Einfach nicht zu fassen!
Es ist keine 24 Stunden her, seit der Abspann über unseren Bildschirm flimmerte und noch immer hallen so viele Gedanken nach. Wir bekommen das Gesehene beinahe gar nicht mehr so richtig aus dem Kopf. Vor allem in Bezug auf den Umstand, dass wir das Erstlingswerk mit Max Caulfield nicht vergessen haben und wir daher die Schicksale einzelner Figuren nur zu gut wissen. Das Ende von „Before the Storm“ lässt uns aufgrunddessen in einem wahren Gefühlschaos zurück. Noch immer können wir es kaum glauben – ja, kaum fassen – wie sehr uns die Protagonisten mittlerweile ans Herz gewachsen sind. Es gab schon vorher Spielereihen, die Ähnliches zu leisten vermochten. Einst in der Haut eines Commander Shepard in der ‚Mass Effect‘-Reihe die Geschicke der Galaxis in den Händen zu halten, schweißte uns ebenso in einer nie vorher dagewesenen Form an die Besatzungsmitglieder. Es war uns wichtig, wie es ihnen ergeht und vor allem, dass sie das Abenteuer überleben. Doch was ‚Life is Strange: Before the Storm‘ in nur drei Episoden liefert, geht noch einen ganzen Schritt weiter. Die Geschehnisse rund um Chloe und Rachel mögen keine Schicksale ganzer Galaxien in sich bergen, doch sie gehen beispiellos unter die Haut.
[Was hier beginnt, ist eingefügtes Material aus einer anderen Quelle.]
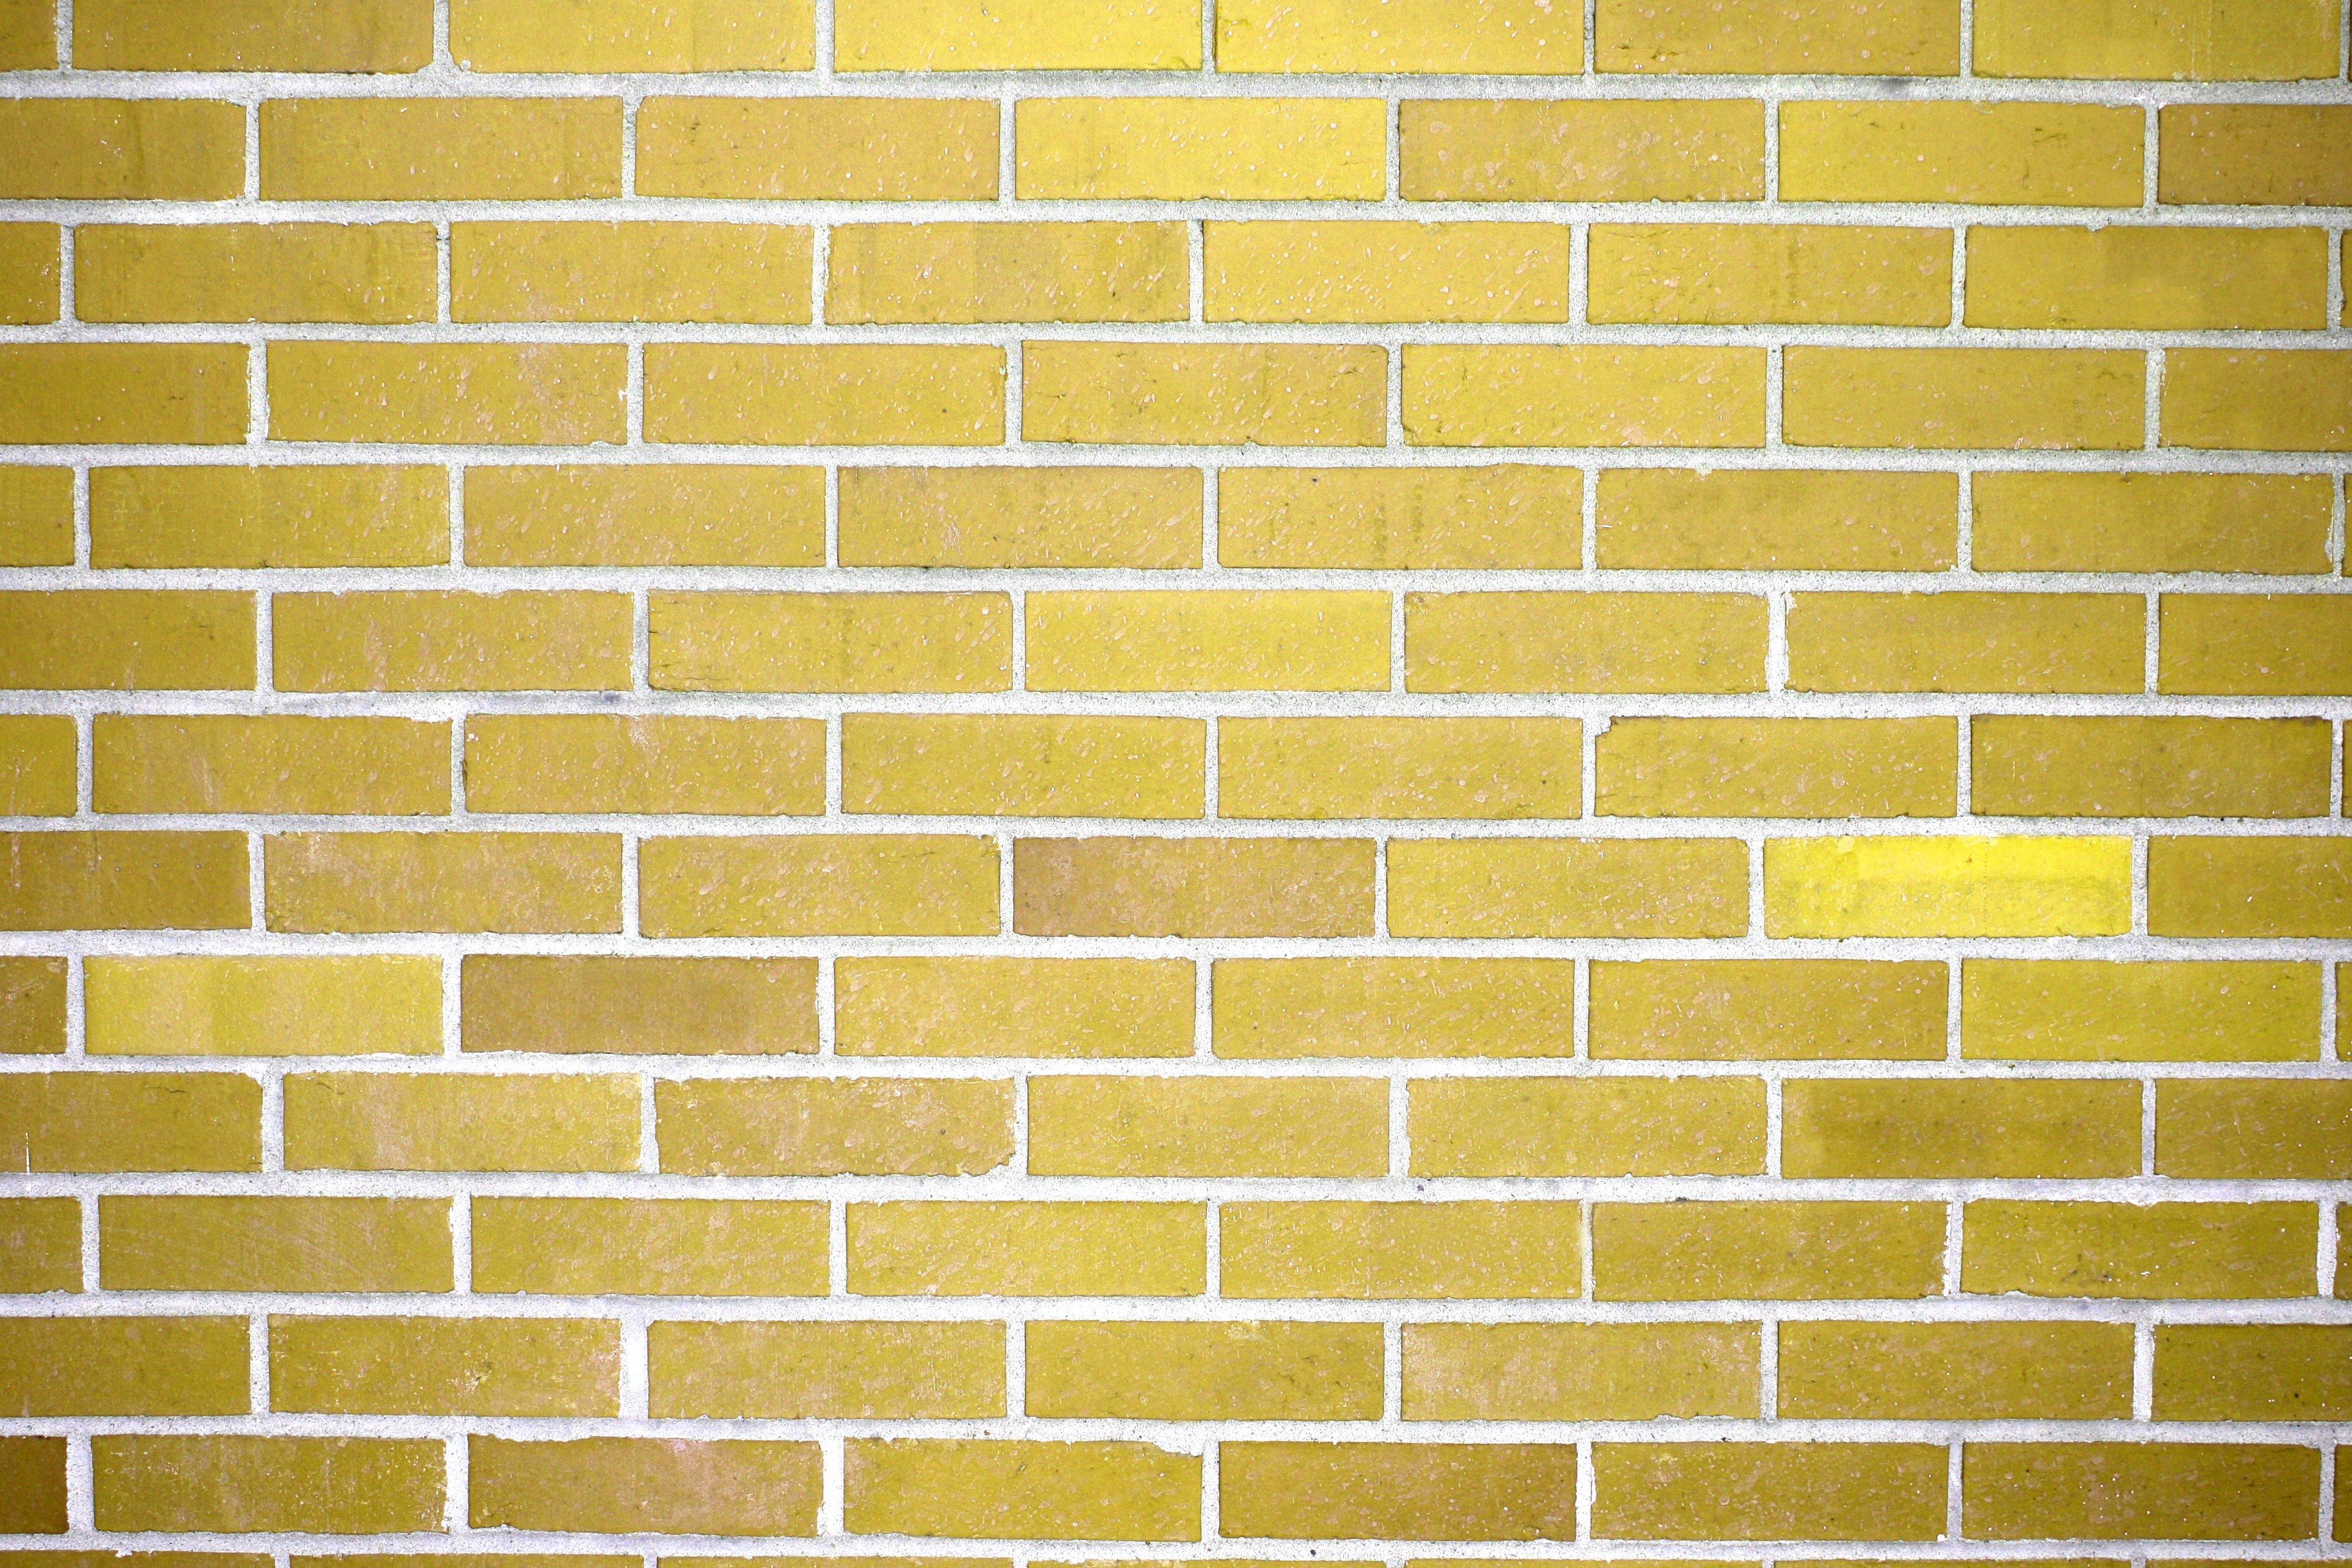 Brick Walls Pictures | Free Photographs | Photos Public Domain

Wir haben schon sehr oft gedacht, dass uns Figuren in Computerspielen nahe gehen konnten, aber dies war bei weitem nicht so intensiv wie in diesem kleinen Meisterwerk. Chloe von ihrer sensiblen Seite zu sehen, gebrochen, von Trauer zerfressen und dann den Lichtschein in Form von Rachel Amber mitzuerleben, ist eine Erfahrung, die selbst Herzen aus Stein nicht kalt lassen dürfte. Alles fühlt sich so real an: nachvollziehbar, schmerzhaft oder voller Freude. In unseren Augen überflügelt „Before the Storm“ sogar noch das vorangegange Meisterstück mit Max Caulfield in der Hauptrolle. Wer allerdings erst jetzt Interesse für die Serie bekommt, dem empfehlen wir jedoch trotzdem nicht mit diesen drei Episoden einzusteigen. Sie mögen zwar die Vorgeschichte erzählen, zielen jedoch mit zahlreichen Anspielungen und Anleihen ganz klar auf die Gruppe der bereits Wissenden. Einmal mehr sprechen wir eine außerordentlich hohe Empfehlung aus und können jedem nur raten, erst die Reise von Max und dann die von Chloe und Rachel anzugehen. Denn es sind zwei wahre Meisterstücke der zeitgenössischen Spielegeschichte und werden sicherlich noch für Jahre unvergessen bleiben.